We will use a simpler version of it to map the Lyme Disease data, statesFilled.py.

Try running it. What happens?
Choose two more states and fill in colors for them.
How can we represent the Lyme disease data on a map?

Mapping Regions

Let's combine the two programs together so that we're filling in states with a color. We will make the state with the highest incidence of Lyme disease the darkest color, and the lowest the lightest color. To keep the visualization folks happy, we will use a gradient of a single color ('rainbow' gradients are misleading).

For each state, we will need the total number of incidences. We start out as before:

import matplotlib.pyplot as plt 
import numpy as np
import csv
infile = open('statesSummary.csv','r')
reader = csv.reader(infile)
yearLine = reader.next()
years = [int(w) for w in yearLine[1:]]

for each state, we'll save the name and total to a list:

stateNames = []
stateTotals = []
for row in reader:
     stateNames.append(row[0])
     stateTotals.append(sum([int(r) for r in row[1:]]))

Note: The use of two 'parallel' arrays, stateNames and stateTotals, is not the best programming practice. Instead, since the information is linked (i.e. the ith state total is for the ith state name), we should store them in a linked way. In the future, we will (using a dictionary which will be covered in next week's lecture), but for now, this works!

We will scale every state total to be a fraction of the highest total:

maxCases = float(max(stateTotals))
scaledTotals = [i/maxCases for i in stateTotals]

Now, let's add in the plotting of each state. The first part is as before:

import matplotlib.pyplot as plt
from mpl_toolkits.basemap import Basemap
from matplotlib.patches import Polygon

# create the map
map = Basemap(llcrnrlon=-119,llcrnrlat=22,urcrnrlon=-64,urcrnrlat=49,
        projection='lcc',lat_1=33,lat_2=45,lon_0=-95)

# load the shapefile, use the name 'states'
map.readshapefile('st99_d00', name='states', drawbounds=True)

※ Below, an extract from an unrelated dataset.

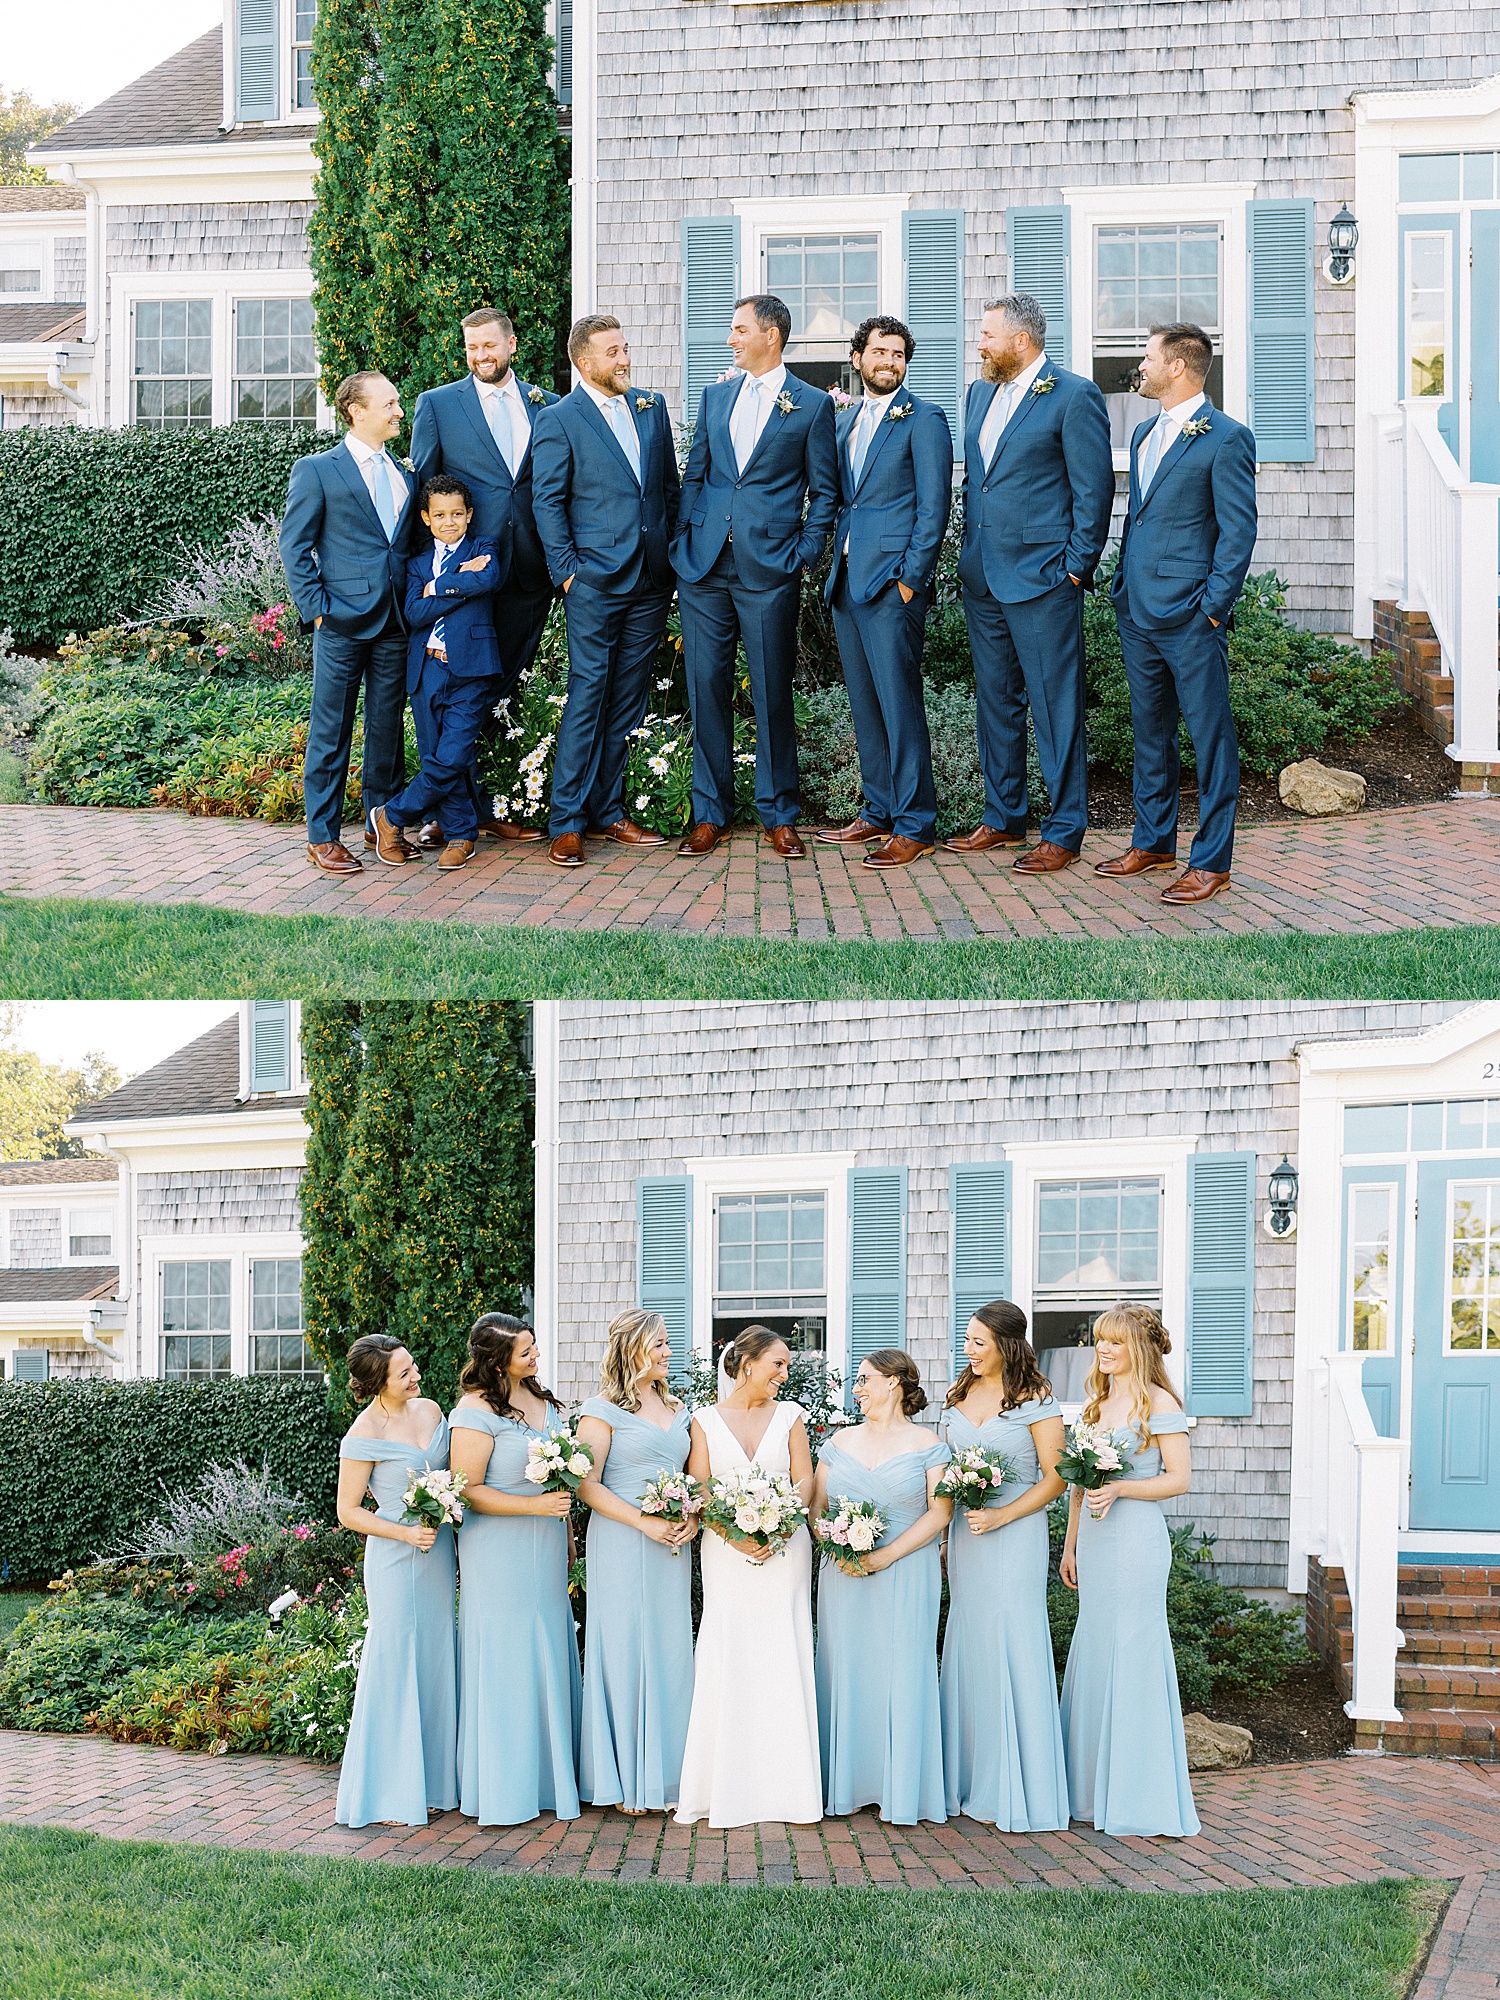 Bride and groom with their wedding parties in blue at their Dennis Inn Wedding

ax = plt.gca() # get current axes instance

# collect the state names from the shapefile attributes so we can
# look up the shape obect for a state by it's name
names = []
for shape_dict in map.states_info:
    names.append(shape_dict['NAME'])

What changes is how we add colors to each state. The line c = ... sets the color to be 100% red, a percentage of green that's based on the scaled totals, and 100% blue. When the scaled total for a state is low, this is close to 100% red, 100% green, and 100% blue, which is white (on the computer, colors mix like light, instead of the traditional paint-- that is, as you add more, instead of getting darker (like paint), it gets lighter). When the scaled total for a state is high, the color is still 100% red and blue but the green decreases, so, the color appears more purple:

#For each state that we have Lyme Disease data:
for i in range(len(stateNames)):
     print "Plotting", stateNames[i]
     seg = map.states[names.index(stateNames[i])]
     c = (1.0,1.0-scaledTotals[i],1.0)
     poly = Polygon(seg, facecolor=c,edgecolor='black')
     ax.add_patch(poly)
     
plt.show()

(The whole file is in lymeMapped.py).

Challenges:

Make plots for the data only from the last year in the file: 2011.
Make a plot that shows the net increase in cases from 2010 to 2011 for each state.
Hint: Look at the CSV file and describe the steps you would need to compute this, then translate into Python.
Some states might have a decrease (which will give a negative number for the difference). There are several ways to handle this:
- Take the absolute value (abs()) and just map the change.
- Set any negative values to 0. To do this with a list comprehension: [0 if i < 0 else i for i in myList]
- Check for negative values when setting the color. If the change is negative, use a red scaled color to fill in the state, and if positive use a green scaled color.
(Optional): Normalize the data by population size. That is, plot for each state the per capita incidence rates (fillstates.py has population for each state).